What the exercise asks: Using the entries that follow, transcribe only the lines from the line with "Workington-Reds-v-Farsley-Celtic-Ben-Challis-11-scaled" to the line with "Human Design Collective", both included, exactly as they stand and without pictures.

Exercise inputs:
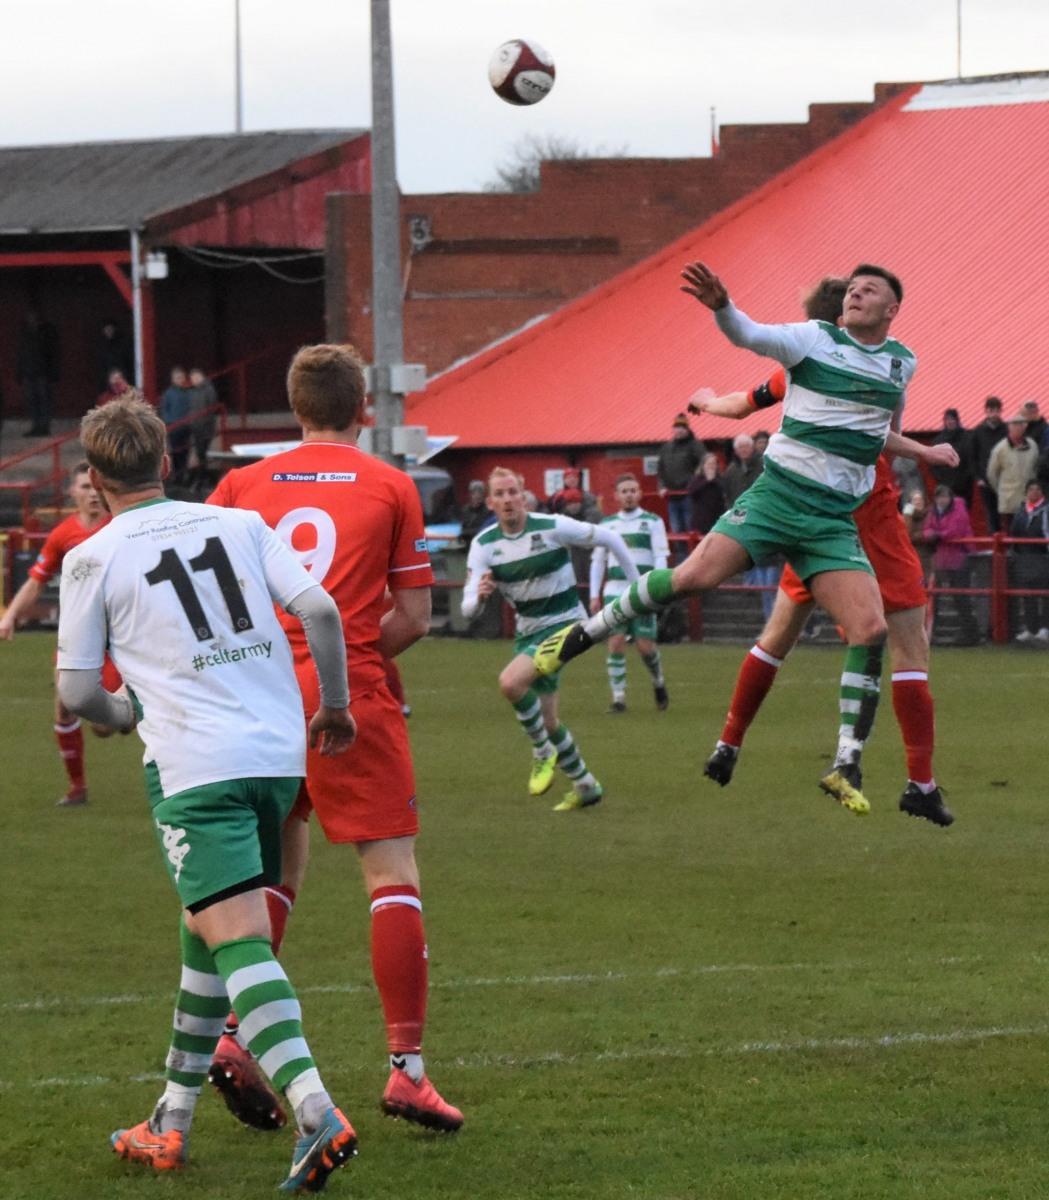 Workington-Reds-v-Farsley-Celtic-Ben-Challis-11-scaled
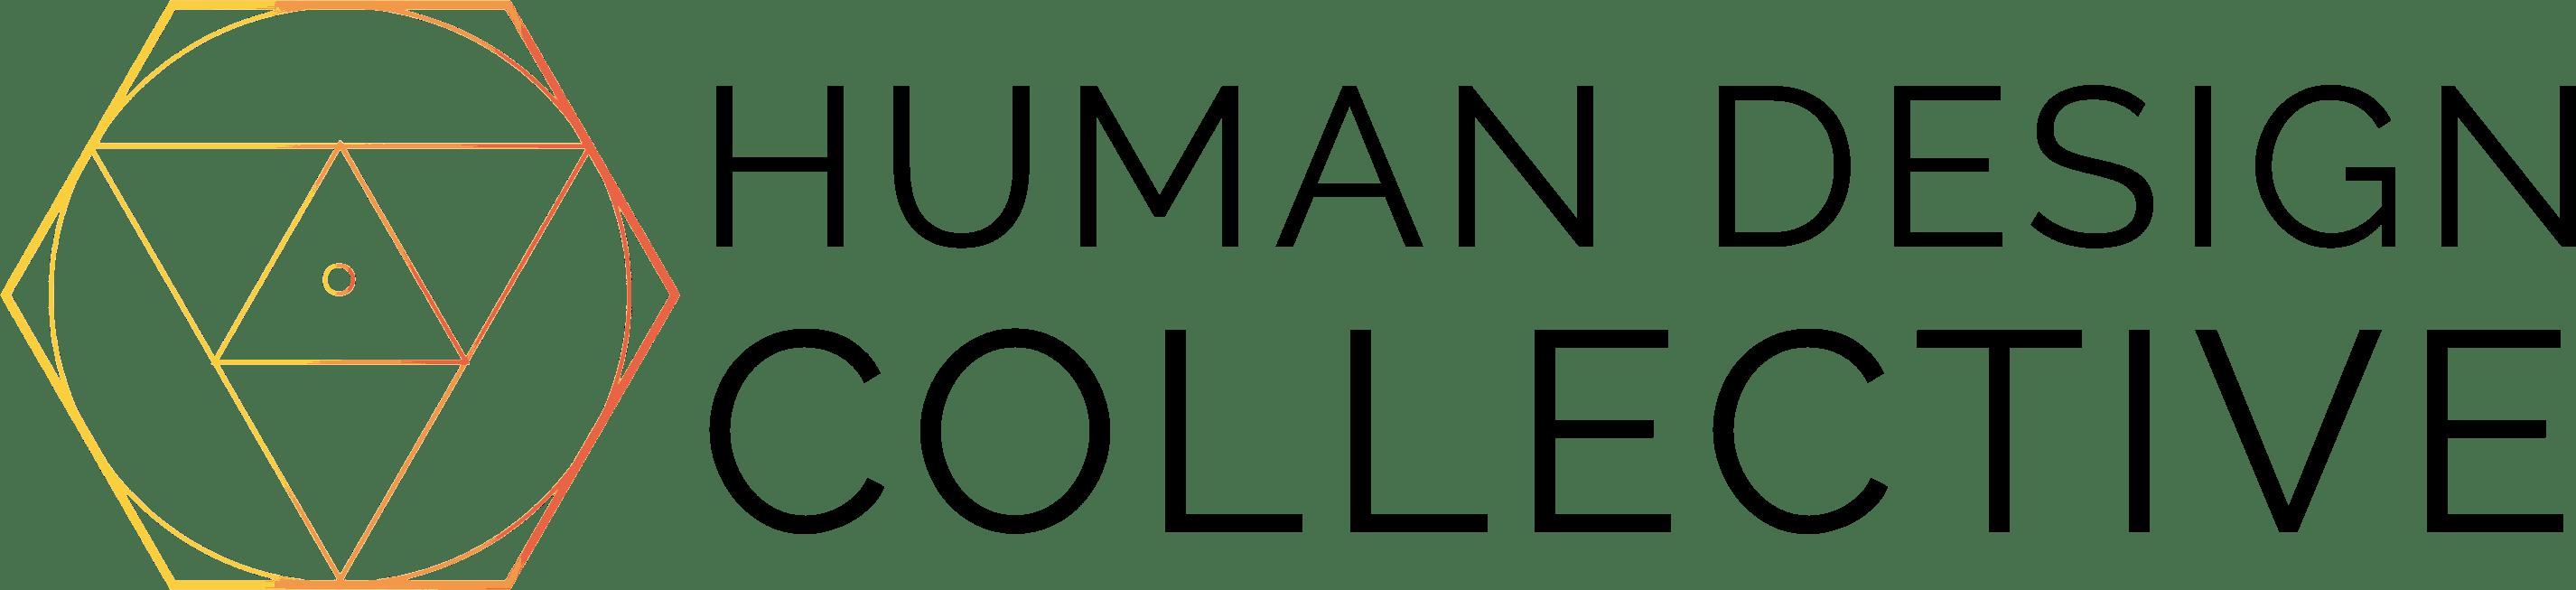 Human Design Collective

* * *

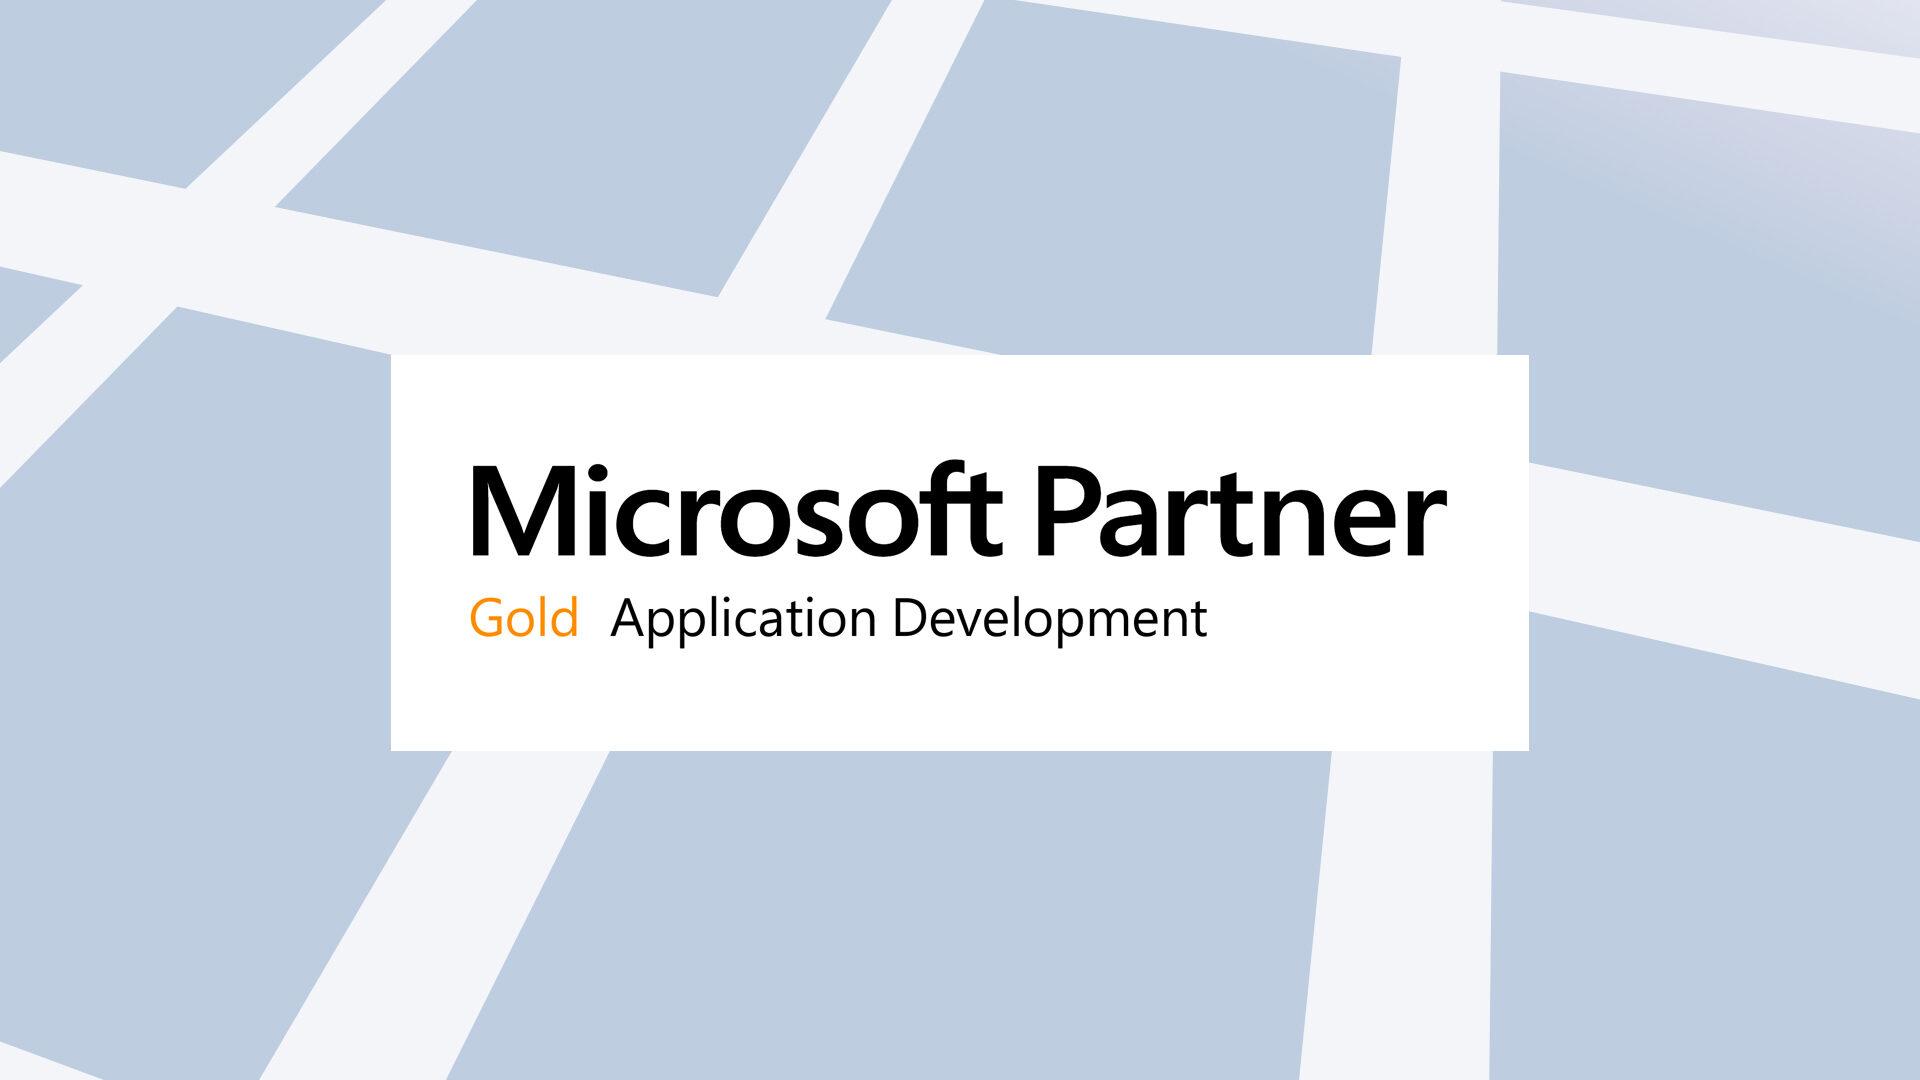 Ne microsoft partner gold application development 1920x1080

Finished task:
 Workington-Reds-v-Farsley-Celtic-Ben-Challis-11-scaled
 Human Design Collective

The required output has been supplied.